B) Migrations from regions of low economic opportunity
to places of higher economic opportunity result in an increase in
the fertility of the migrants that persists for a generation or two.
LAWS, HYPOTHESES, OBSERVATIONS AND PREDICTIONS RELATING
TO SUSTAINABILITY
The Laws, Hypotheses, Observations, and Predictions
that follow are offered to define the term "sustainability." In some cases
these statements are accompanied by corollaries that are identified by
capital letters. They all apply for populations and rates of consumption
of goods and resources of the sizes and scales found in the world in 1998,
and may not be applicable for small numbers of people or to groups in
primitive tribal situations.
These Laws are believed to hold rigorously.
The Hypotheses are less rigorous than the laws. There
may be exceptions to some, and some may be proven to be wrong. Experience
may show that some of the hypotheses should be elevated to the status
of laws.
The Observations may shed light on the problems and
on mechanisms for finding solutions to the problems.
The Predictions are those of a retired nuclear physicist
who has been watching these problems for several decades.
The lists are but a single compilation, and hence may
be incomplete. Readers are invited to communicate with the author in regard
to items that should or should not be in these lists.
In many cases, these laws and statements have been recognized,
set forth, and elaborated on by others.
LAWS RELATING TO SUSTAINABILITY
First Law: Population growth and / or growth in the
rates of consumption of resources cannot be sustained.
A) A population growth rate less than or equal to zero
and declining rates of consumption of resources are a necessary, but
not a sufficient, condition for a sustainable society.
B) Unsustainability will be the certain result of any
program of "development," that does not plan the achievement of zero
( or a period of negative ) growth of populations and of rates of
consumption of resources.
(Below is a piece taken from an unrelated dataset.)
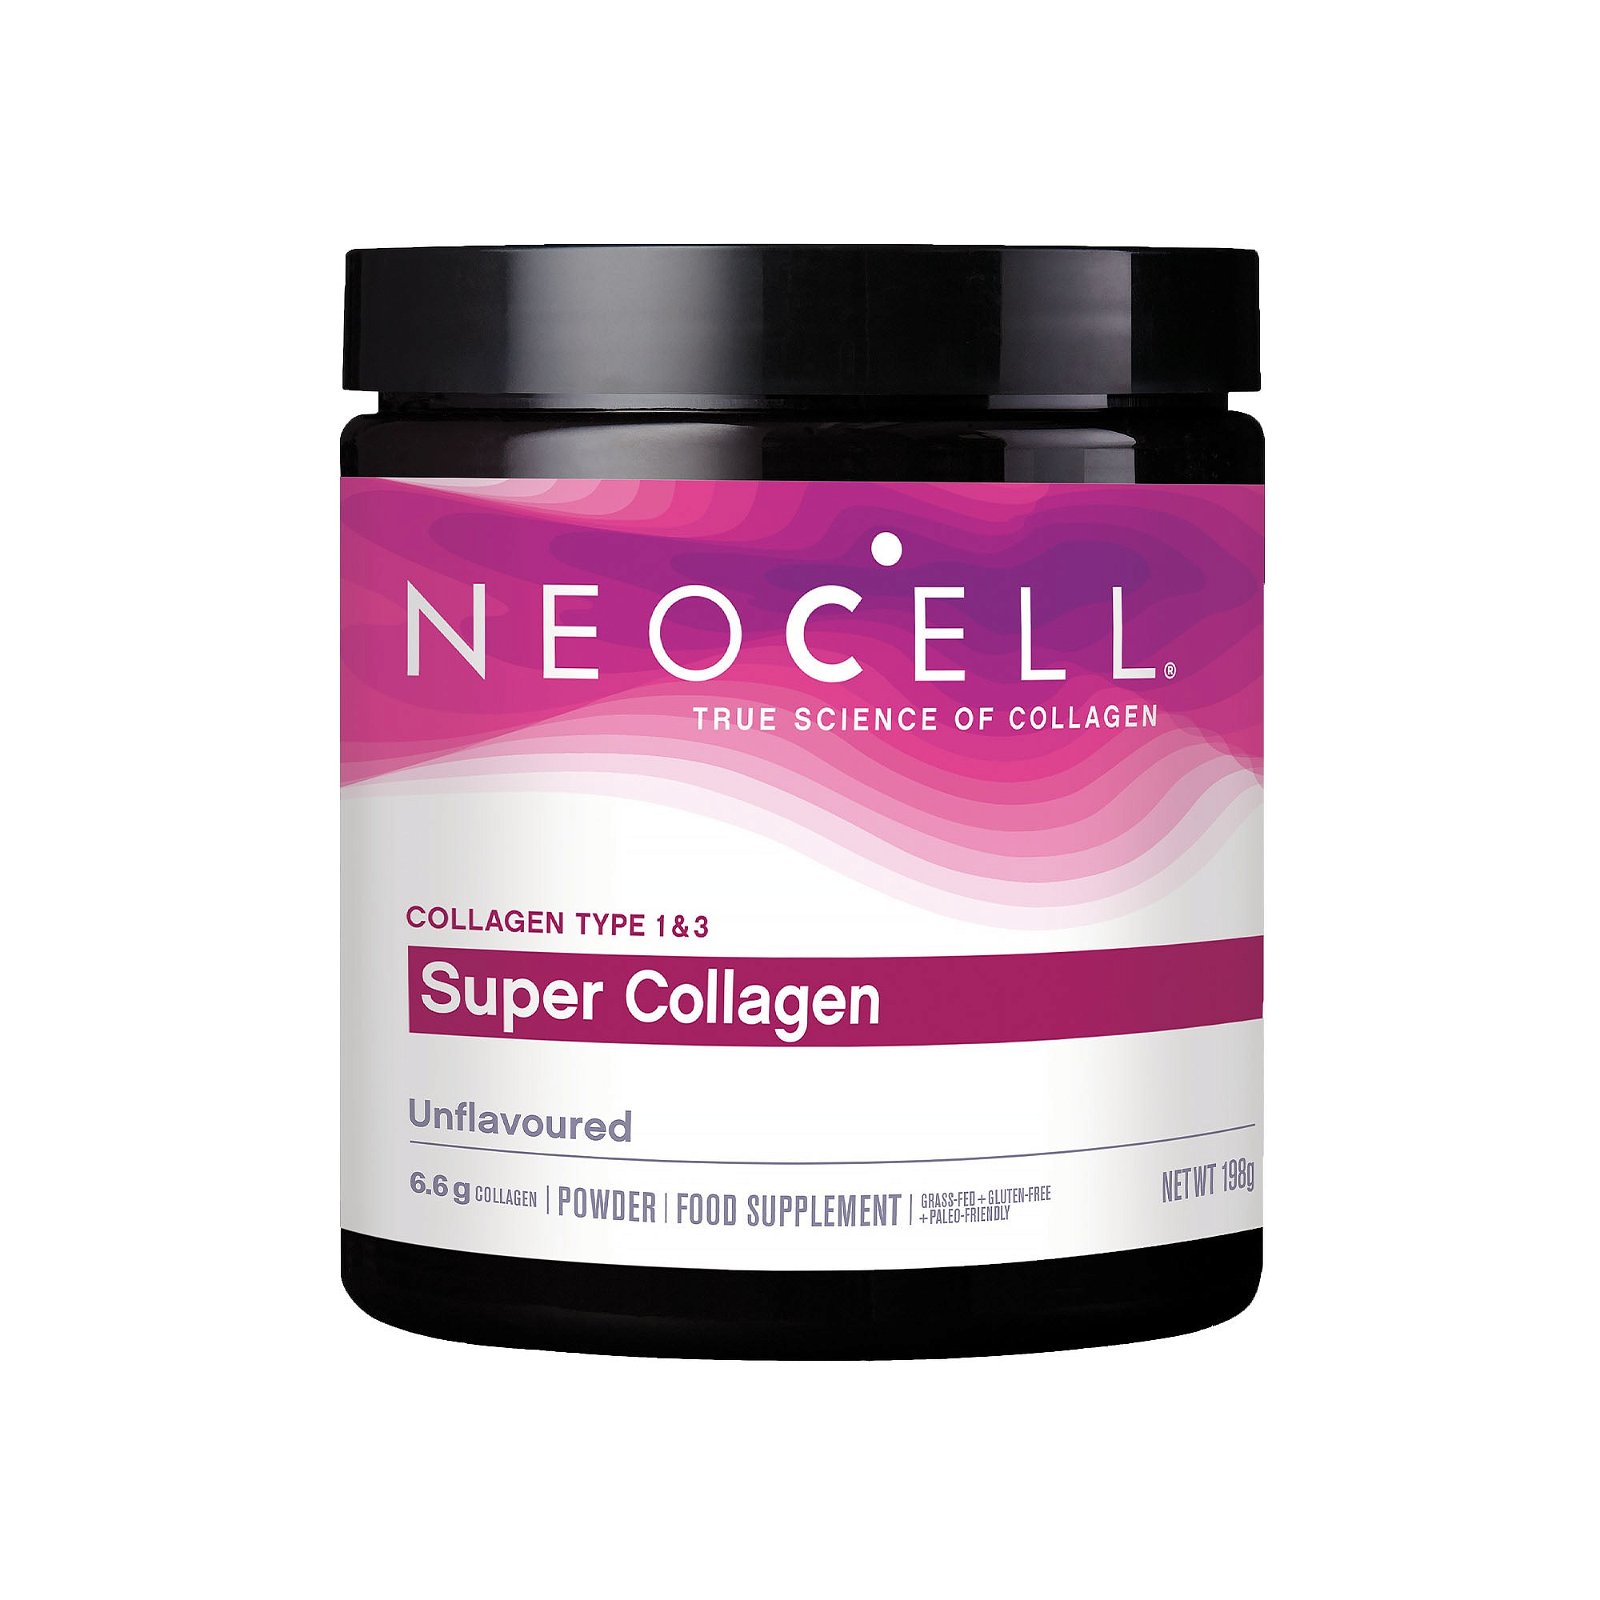 20% off Neocell Collagen

This is true even if the program is said
to be "sustainable."
C) The research and regulation programs of governmental
agencies that are charged with protecting the environment and promoting
"sustainability" are, in the long run, irrelevant, unless these programs
address vigorously and quantitatively the concept of carrying capacities
and unless the programs study in depth the demographic causes and
consequences of environmental problems.
D) Societies, or sectors of a society, that depend on
population growth or growth in their rates of consumption of resources,
are unsustainable.
E) Persons who advocate population growth and / or growth
in the rates of consumption of resources are advocating unsustainability.
F) Persons who suggest that sustainability can be achieved
without stopping population growth are misleading themselves and others.
G) Persons whose actions directly or indirectly cause
increases in population or in the rates of consumption of resources
are moving society away from sustainability. ( Advertising your city
or state as an ideal site in which to locate new factories, indicates
a desire to increase the population of your city or state. )
H) The term "Sustainable Growth" is an oxymoron.
Second Law: In a society with a growing population
and / or growing rates of consumption of resources, the larger the population,
and / or the larger the rates of consumption of resources, the more difficult
it will be to transform the society to the condition of sustainability.
Third Law: The response time of populations to changes
in the human fertility rate is the average length of a human life, or
approximately 70 years. ( Bartlett and Lytwak 1995 ) [ This is called
"population momentum." ]
A) A nation can achieve zero population growth if:
a) the fertility rate is maintained at the replacement
level for 70 years, and
b) there is no net migration during the 70 years.
During the 70 years the population continues to
grow, but at declining rates until the growth finally stops.
B) If we want to make changes in the total fertility
rates so as to stabilize the population by the mid - to late 21st
century, we must make the necessary changes before the end of the
20th century.
C) The time horizon of political leaders is of the order
of two to eight years.
D) It will be difficult to convince political leaders
to act now to change course, when the full results of the change may
not become apparent in the lifetimes of those leaders.
Fourth Law: The size of population that can be sustained
( the carrying capacity ) and the sustainable average standard of living
of the population are inversely related to one another. (This must be
true even though Cohen asserts that the numerical size of the carrying
capacity of the Earth cannot be determined, ( Cohen 1995 ))
A) The higher the standard of living one wishes to sustain,
the more urgent it is to stop population growth.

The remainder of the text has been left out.